[Start of Attachment]
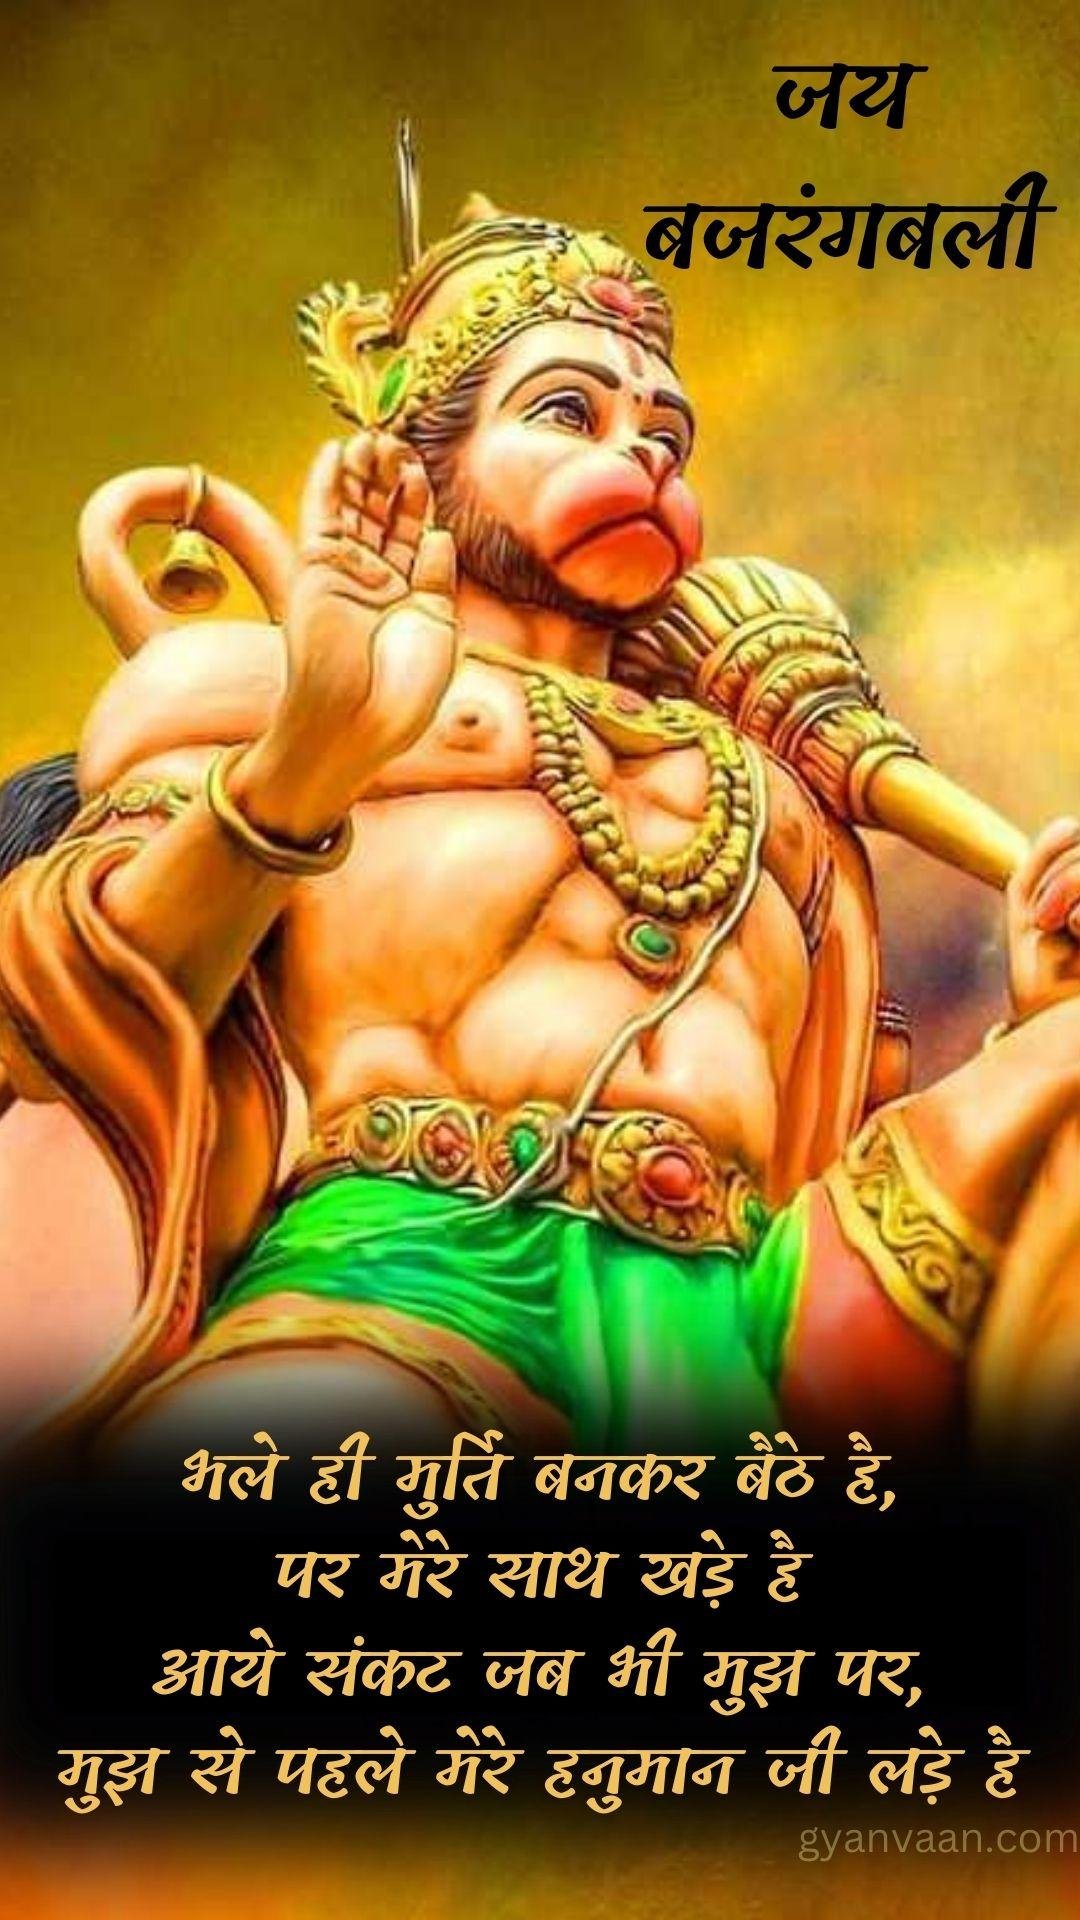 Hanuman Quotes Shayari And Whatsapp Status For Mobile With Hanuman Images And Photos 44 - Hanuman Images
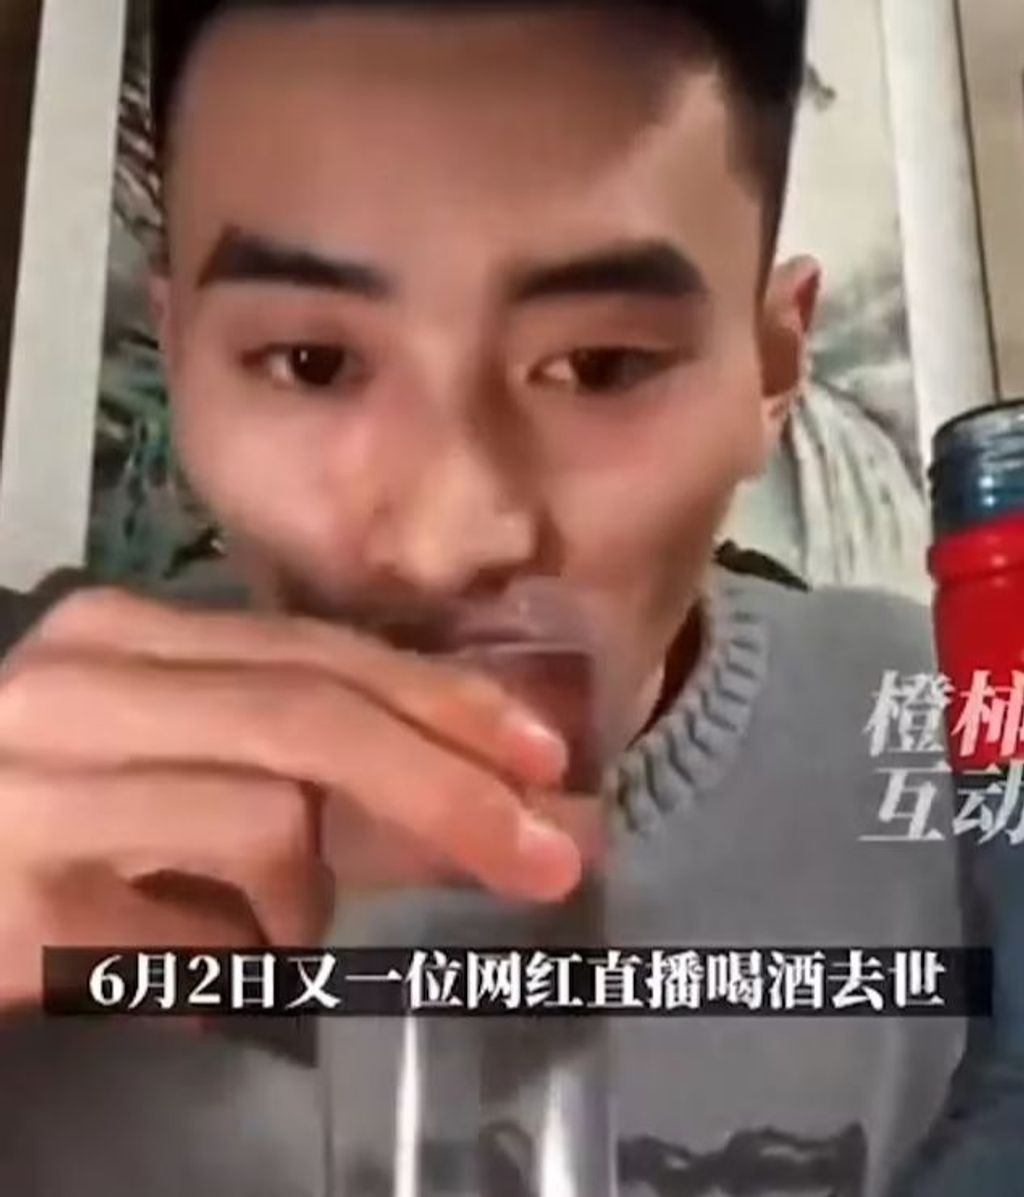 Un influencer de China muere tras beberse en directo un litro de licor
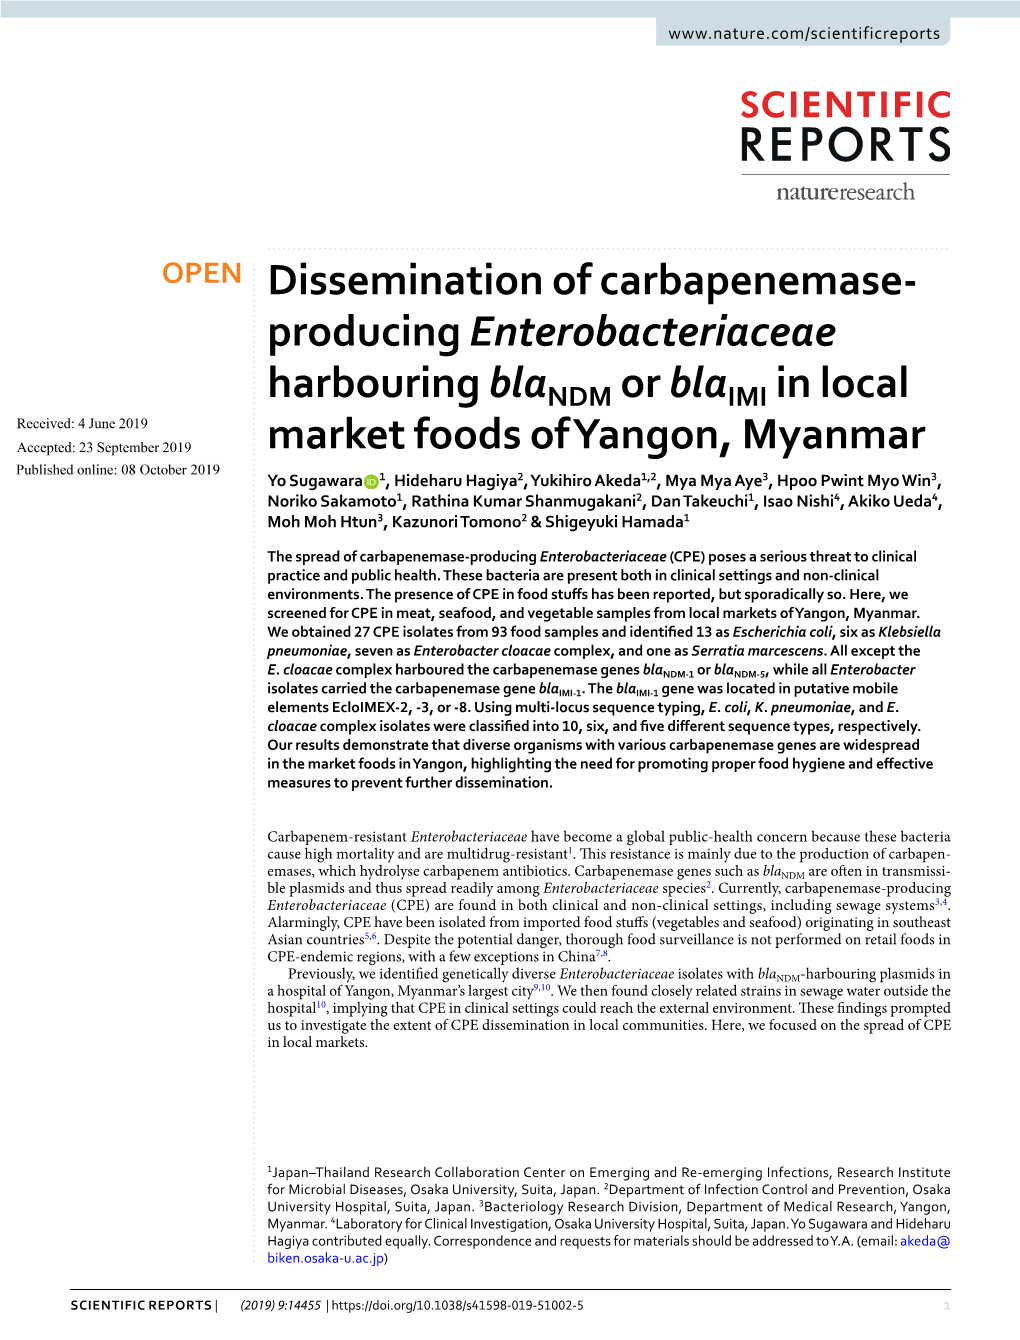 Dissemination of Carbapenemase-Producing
[End of Attachment]
**WORK INSTRUCTION:** The result should be the full listing, retyped exactly and free of pictures.

**ANSWER TO THE PROBLEM:**
 Hanuman Quotes Shayari And Whatsapp Status For Mobile With Hanuman Images And Photos 44 - Hanuman Images
 Un influencer de China muere tras beberse en directo un litro de licor
 Dissemination of Carbapenemase-Producing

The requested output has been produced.